Top of TASK DATA

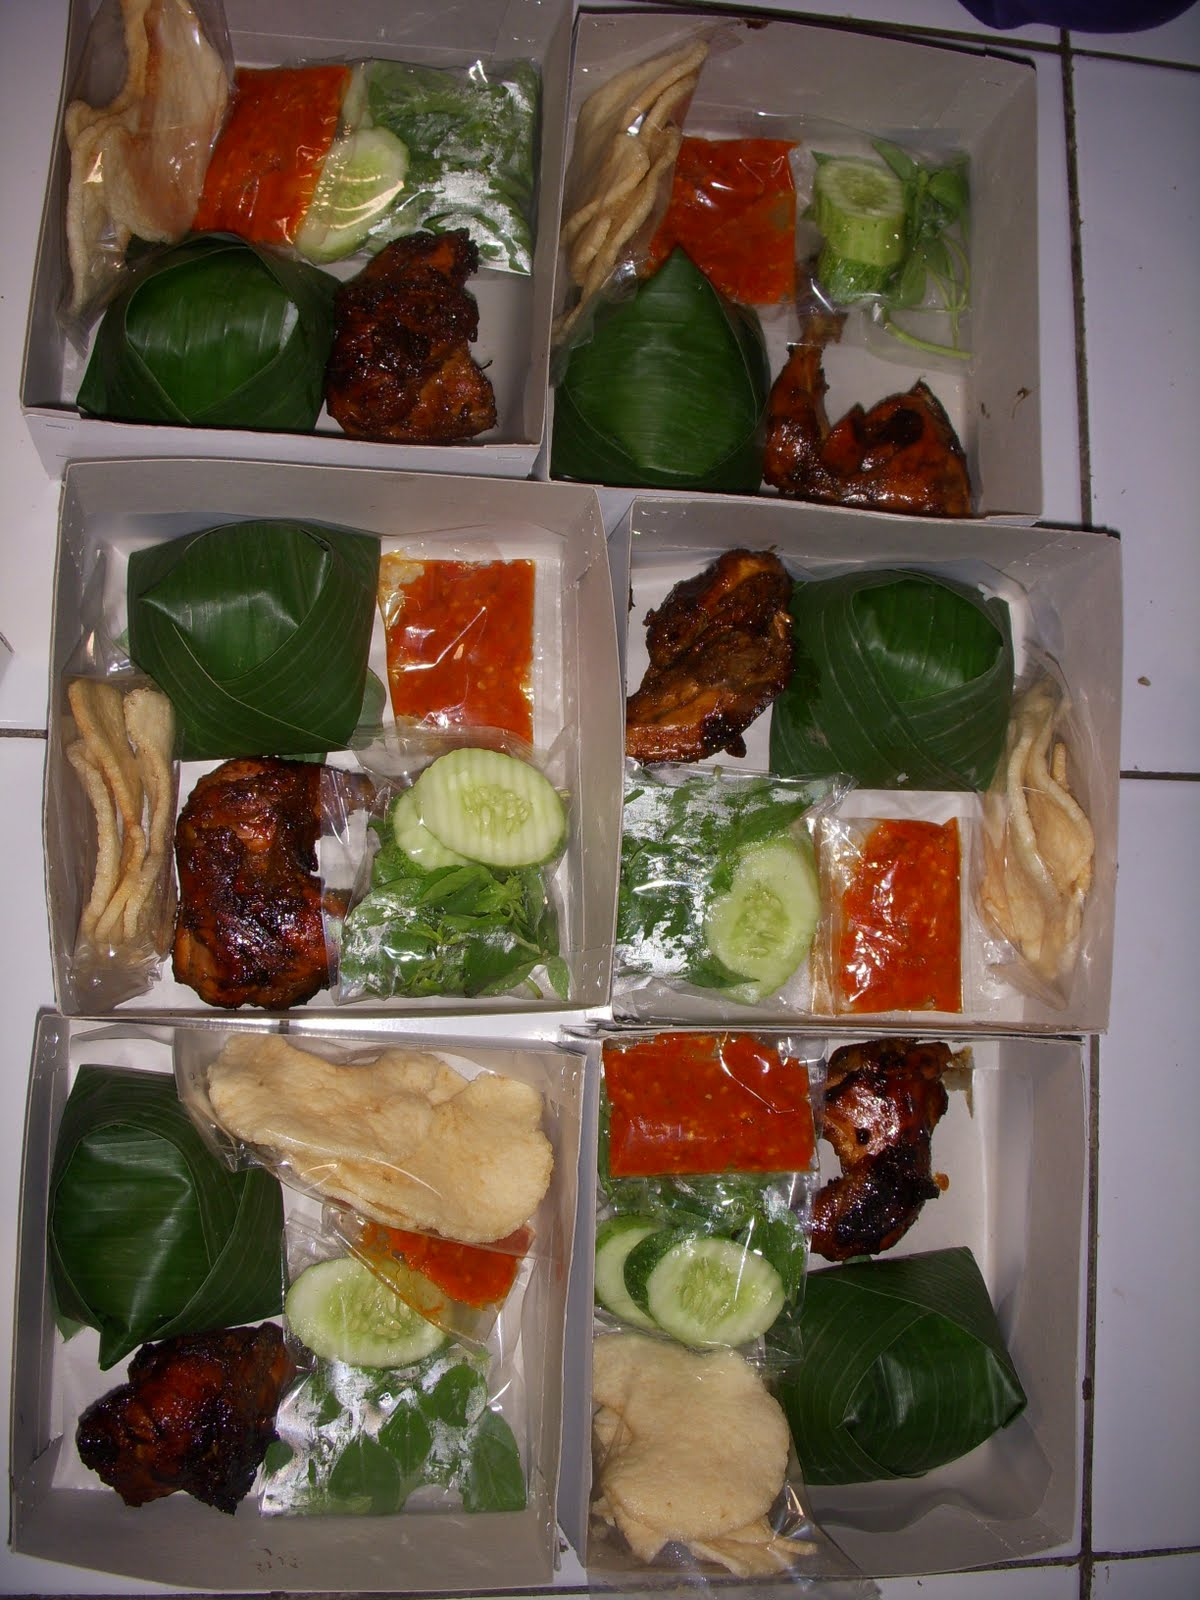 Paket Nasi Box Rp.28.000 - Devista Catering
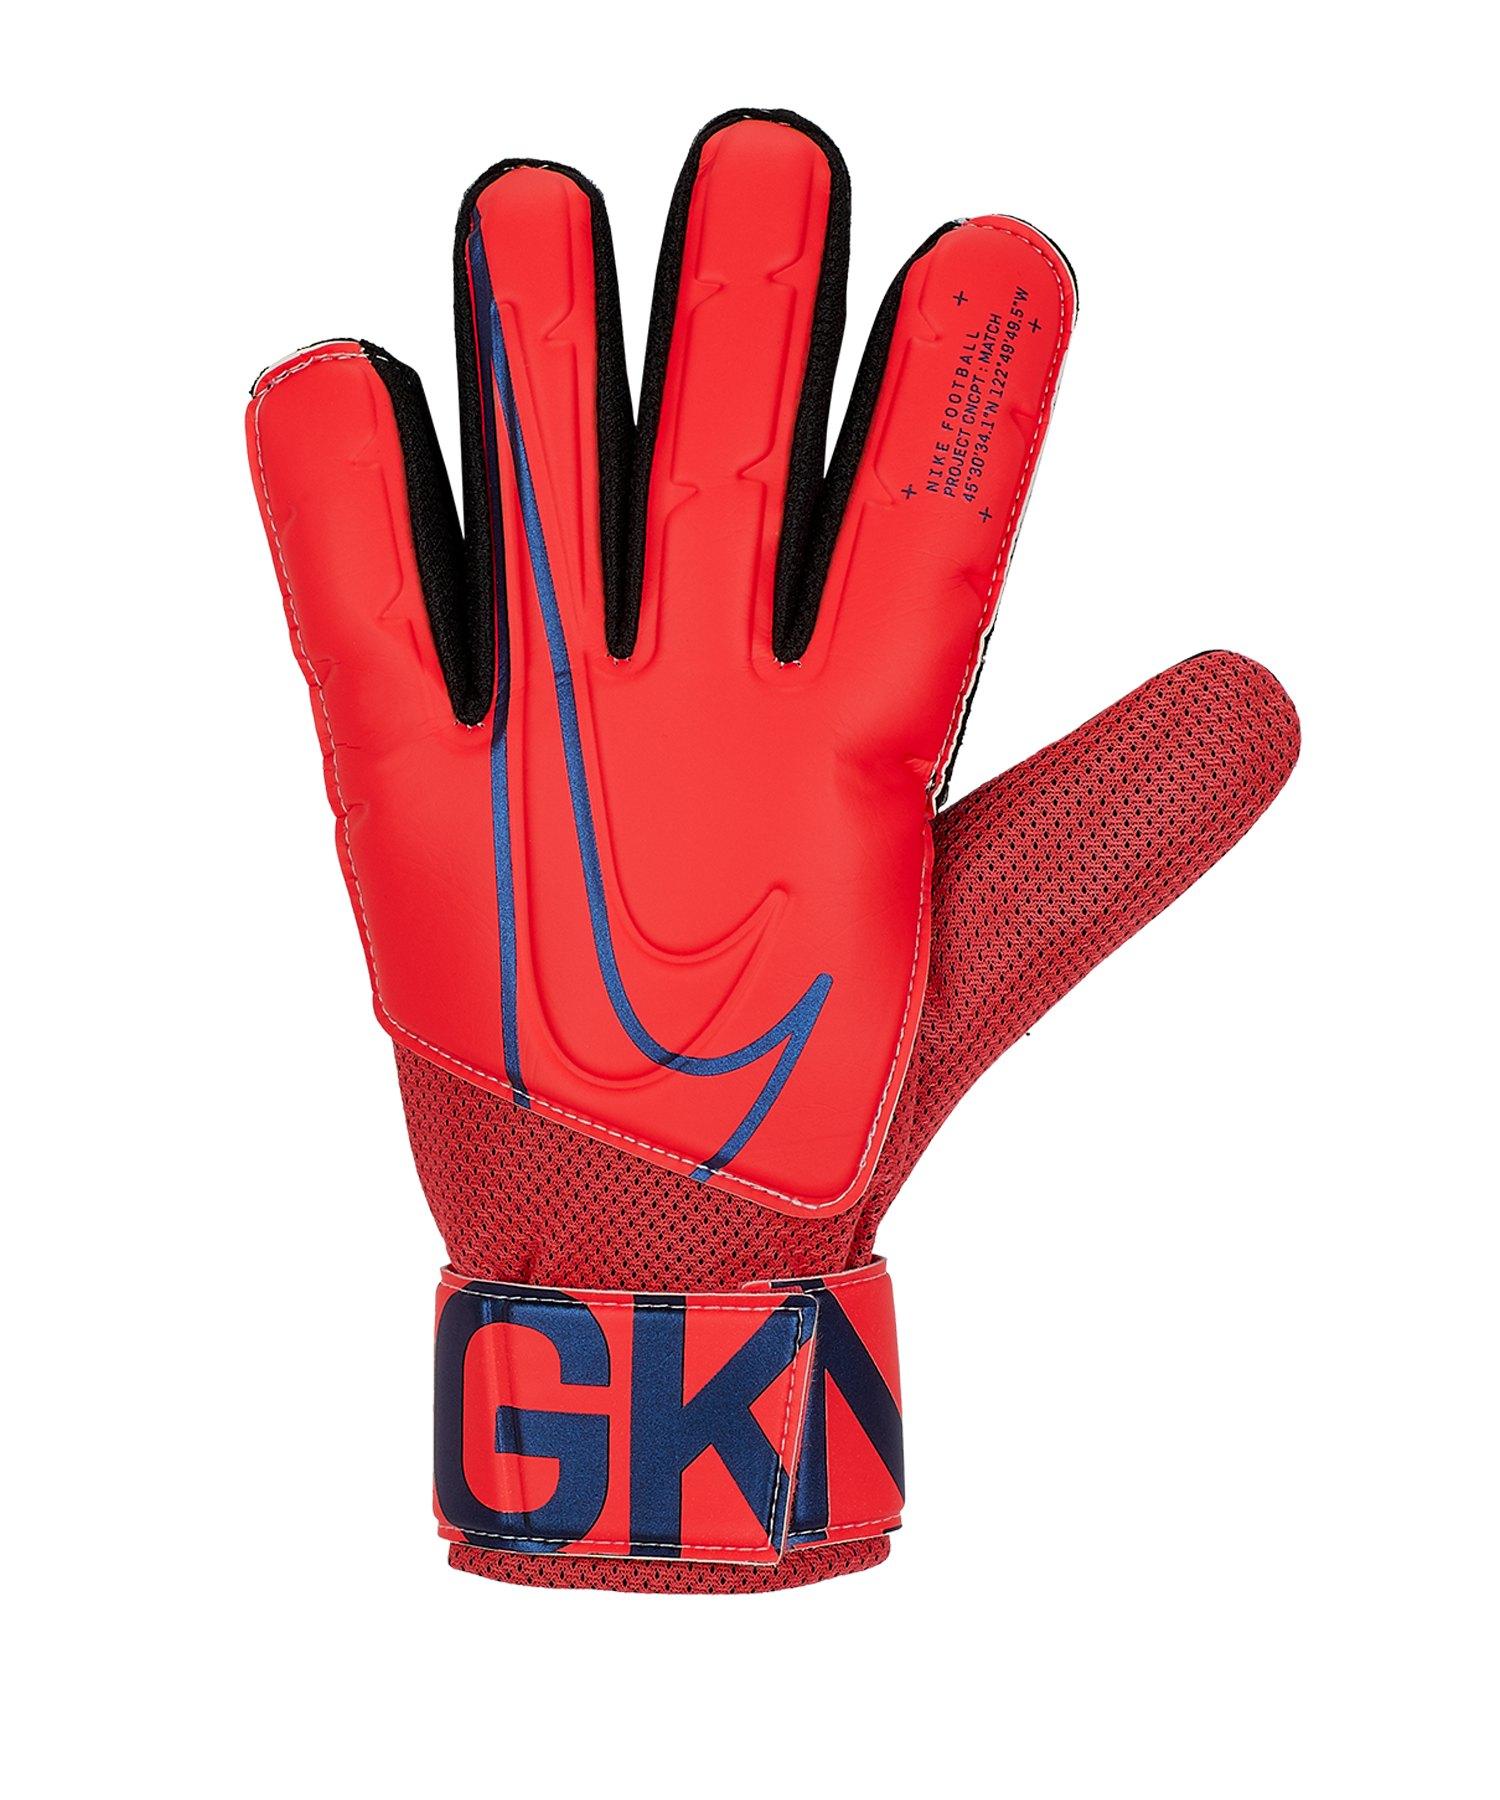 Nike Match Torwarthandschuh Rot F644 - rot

Bottom of TASK DATA
Top of TASK DATA

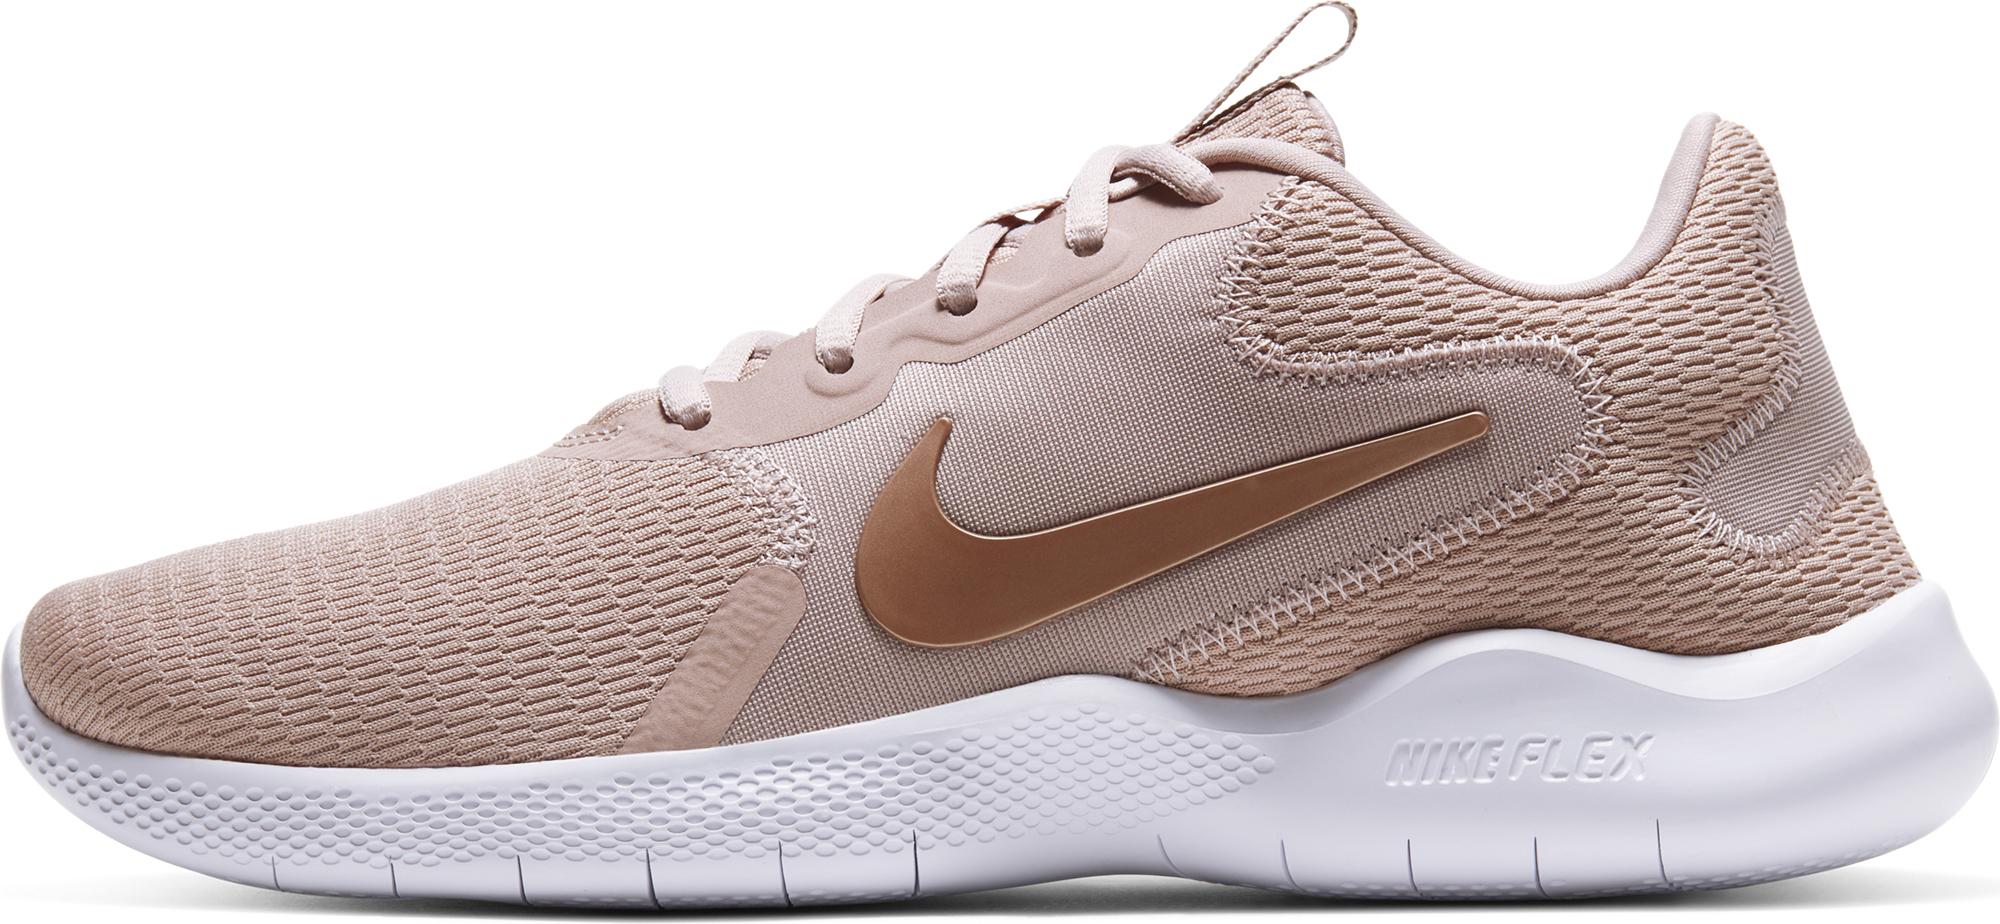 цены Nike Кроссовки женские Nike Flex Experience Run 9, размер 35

Bottom of TASK DATA

# WHAT IS EXPECTED
In the records above, everything from the line with "Paket Nasi Box Rp.28.000 - Devista Catering" down to the line with "Nike Match Torwarthandschuh Rot F644 - rot" is to be set down exactly, both ends included, with no pictures and no other lines.

# EXERCISE RESULT
 Paket Nasi Box Rp.28.000 - Devista Catering
 Nike Match Torwarthandschuh Rot F644 - rot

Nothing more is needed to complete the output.